- Directions for this task -
Within the lines below, the span from the line with "Illustration Vecteur de" to the line with "Binh đoàn Pikachu Aeon Mall Bình Tân", both ends included, is to be reproduced exactly, with pictures omitted.
Material shown below:
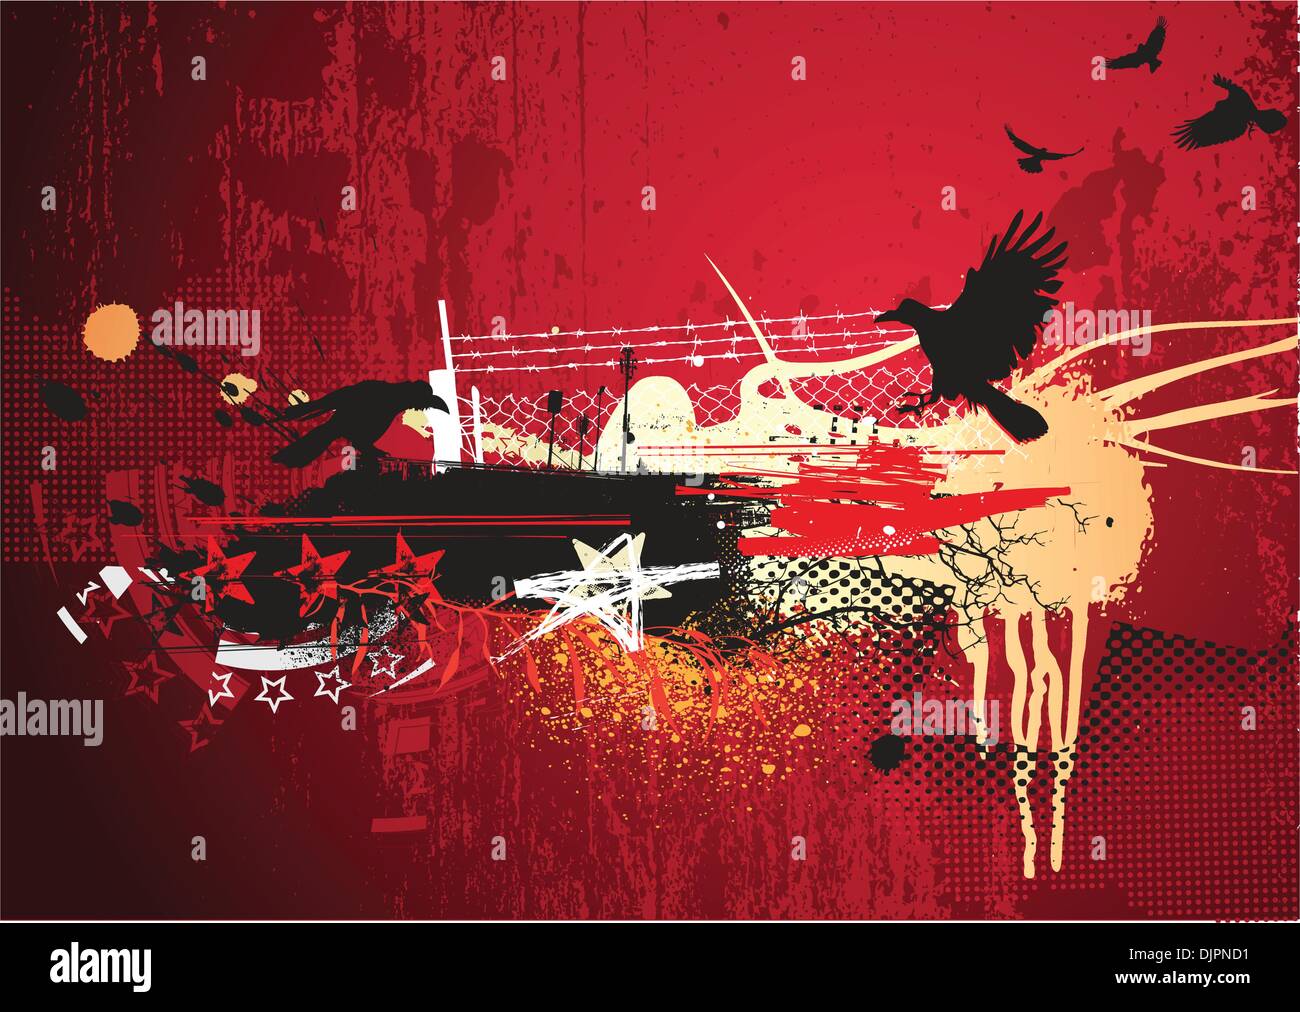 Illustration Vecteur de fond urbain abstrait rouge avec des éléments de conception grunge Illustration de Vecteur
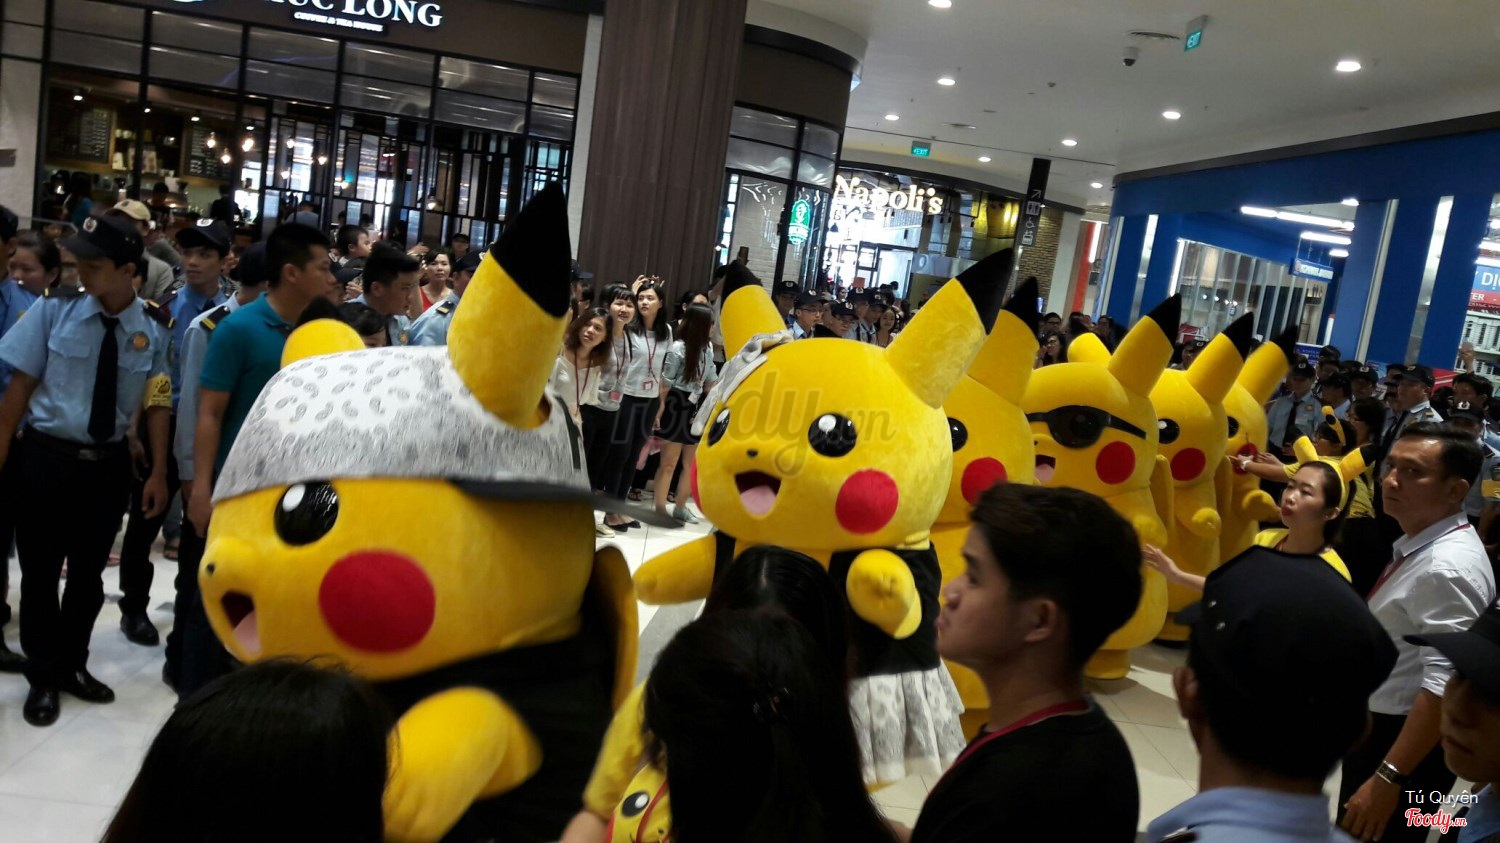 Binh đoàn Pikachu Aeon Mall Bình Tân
End of Material shown.
Material shown below:
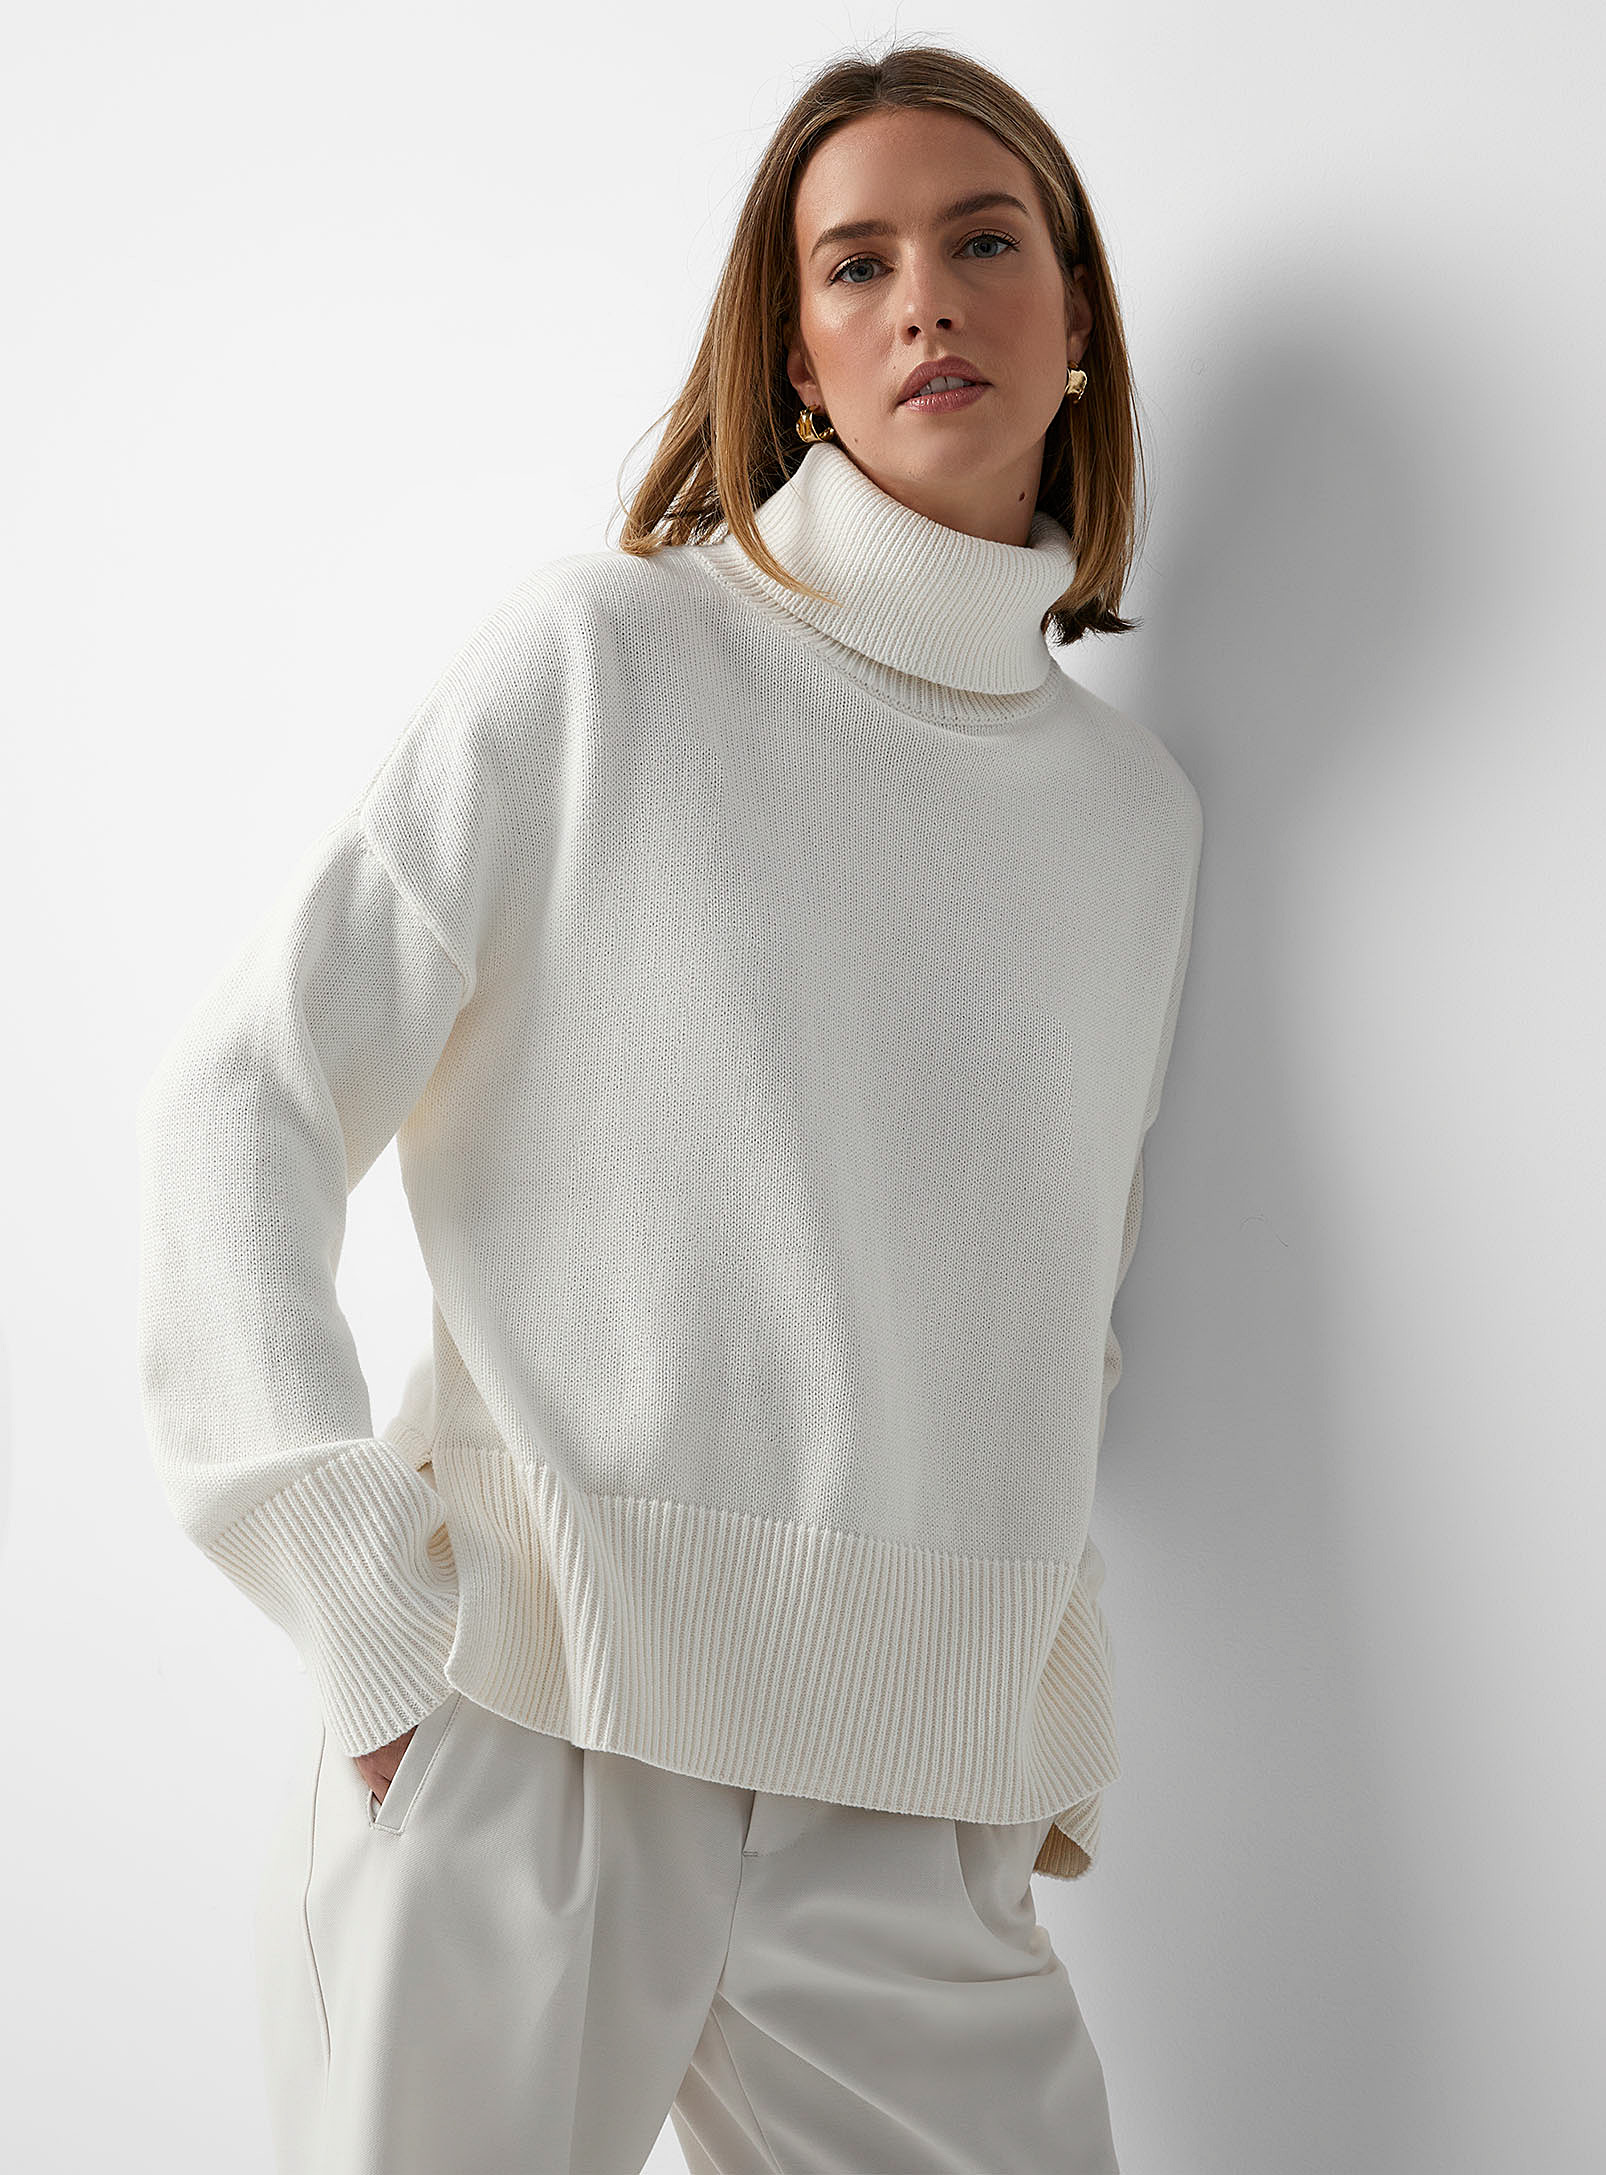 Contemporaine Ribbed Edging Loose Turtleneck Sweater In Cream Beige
End of Material shown.
- Task solution -
 Illustration Vecteur de fond urbain abstrait rouge avec des éléments de conception grunge Illustration de Vecteur
 Binh đoàn Pikachu Aeon Mall Bình Tân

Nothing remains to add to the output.